Affine equivalent classes of Boolean functions have many applications in modern cryptography and circuit design. Previous publications have shown that affine equivalence on the entire space of Boolean functions can be computed up to 10 variables, but not on the quotient Boolean function space modulo functions of different degrees. Computing the number of equivalent classes of cosets of Reed-Muller code \(\mathcal {R}(1,n)\) is equivalent to classifying Boolean functions modulo linear functions, which can be computed only when n ≤ 7. Based on the linear representation of the affine group \(\mathcal {A}\mathcal {G}{\mathscr{L}}(n,2)\) on the quotient space \(\mathcal {R}(s,n)/\mathcal {R}(k,n)\), we obtain a useful counting formula to compute the number of equivalent classes. Instead of computing the conjugacy classes and representatives directly in \(\mathcal {A}\mathcal {G}{\mathscr{L}}(n,2)\), we reduce the computation complexity by introducing an isomorphic permutation group P_n and performing the computation in P_n. With the proposed algorithm, the number of equivalent classes of cosets of R(1,n) can be computed up to 10 variables. Furthermore, the number of equivalent classes on \(\mathcal {R}(s,n)/\mathcal {R}(k,n)\) can also be computed when − 1 ≤ k < s ≤ n ≤ 10, which is a major improvement and advancement comparing to previous methods.

布尔函数的仿射等效类在现代密码学和电路设计中有许多应用。以前的出版物表明，布尔函数整个空间上的仿射等价关系最多可以计算10个变量，但商数不同的布尔函数空间模函数不能仿射等价。

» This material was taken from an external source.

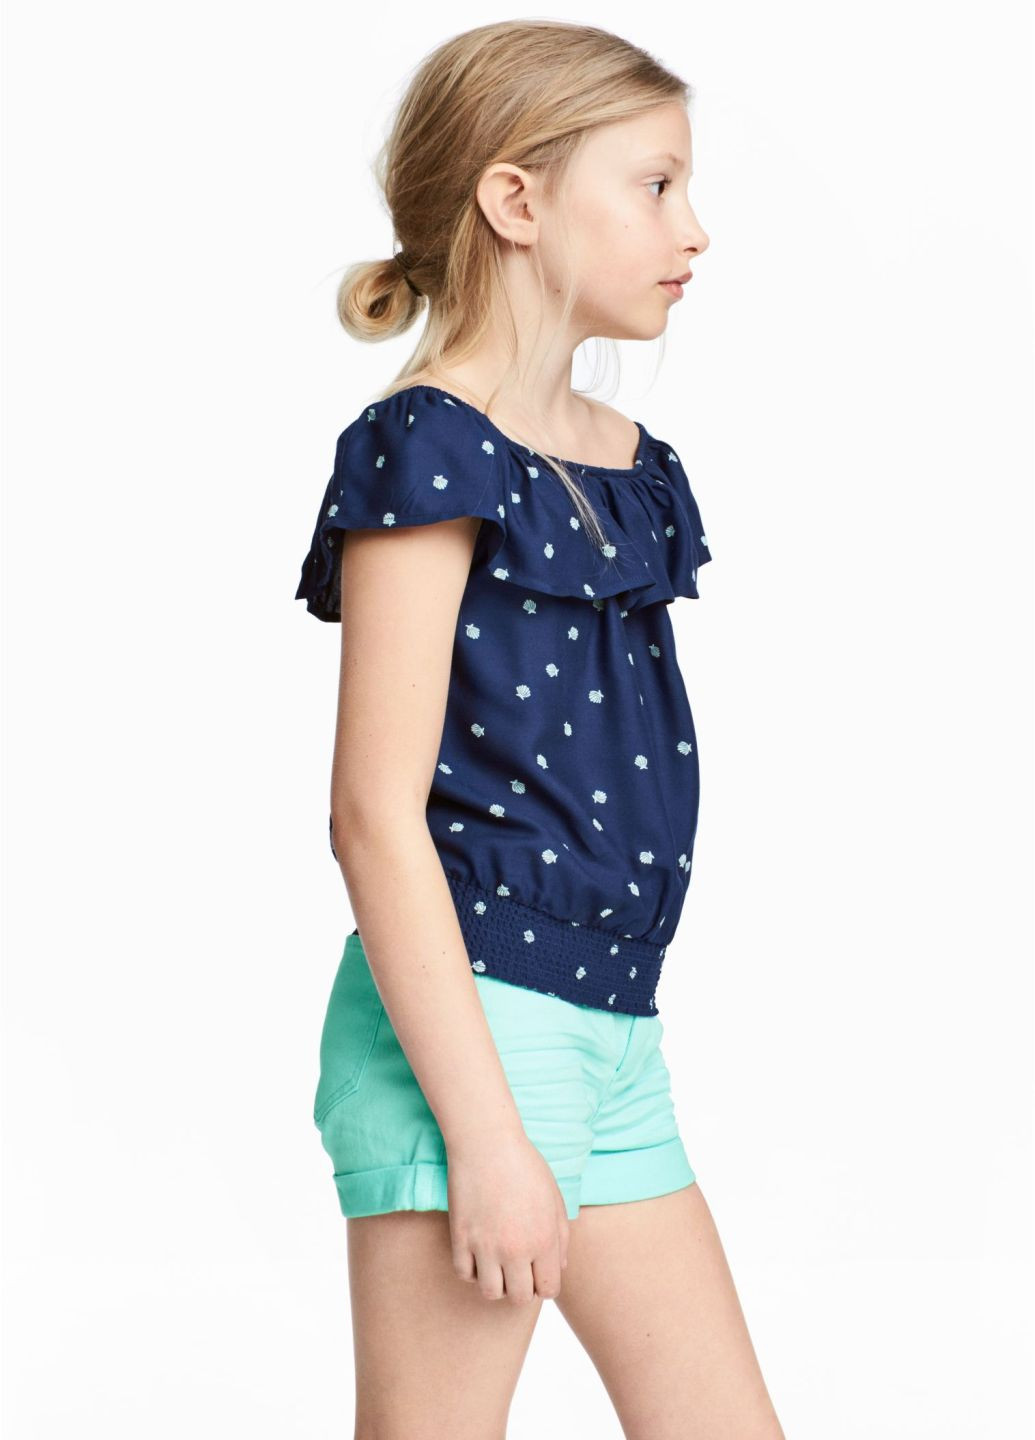 Светло-синяя с орнаментом блузка H&M летняя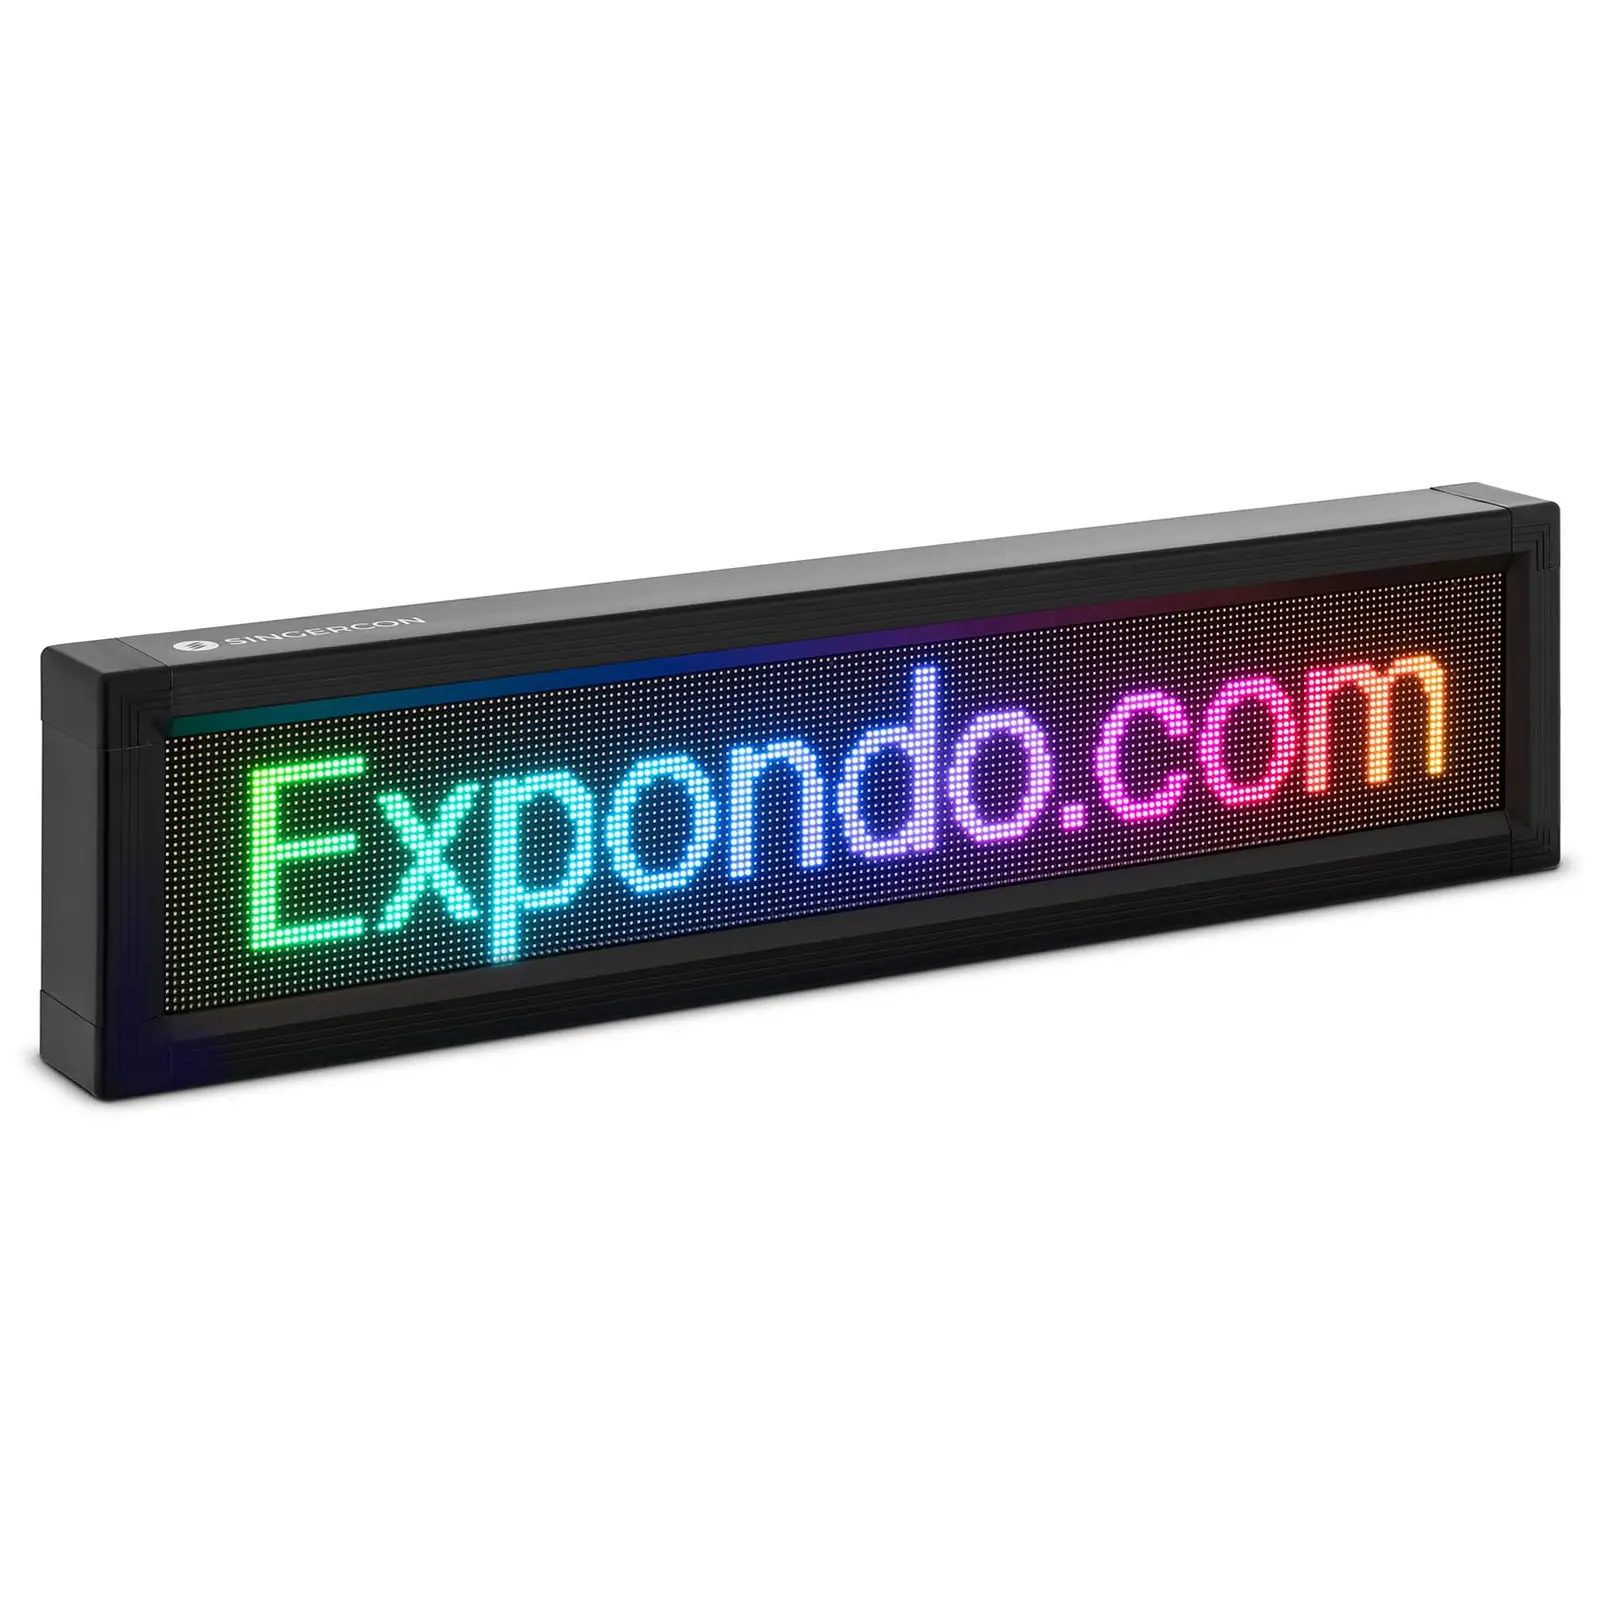 Painel LED publicidade - 192 x 32 LEDs coloridos - 67 x 19 cm - programável através de iOS e Android

计算等价类的Reed-Muller码陪集的数目\（\ mathcal {R}（1，N）\）等效于布尔函数分类模线性函数，这只能当计算Ñ基于该≤7.商空间\ {\ mathcal {R}（s，n）/ \上仿射组\（\ mathcal {A} \ mathcal {G} {\ mathscr {L}}（n，2）\）的线性表示数学运算{R}（k，n）\），我们获得了一个有用的计数公式来计算等效类的数量。与其直接在\（\ mathcal {A} \ mathcal {G} {\ mathscr {L}}（n，2）\）中直接计算共轭类和表示，我们通过引入同构置换群P _n来降低计算复杂度并在P _n中执行计算。使用所提出的算法，可以计算多达10个变量的R（1，n）陪集的等效类的数量。此外，等价类的对数\（（S，N）\ mathcal {R} / \ mathcal {R}（K，N）\）也可被计算时- 1≤ ķ <小号≤ Ñ ≤10，与以前的方法相比是一个重大改进和进步。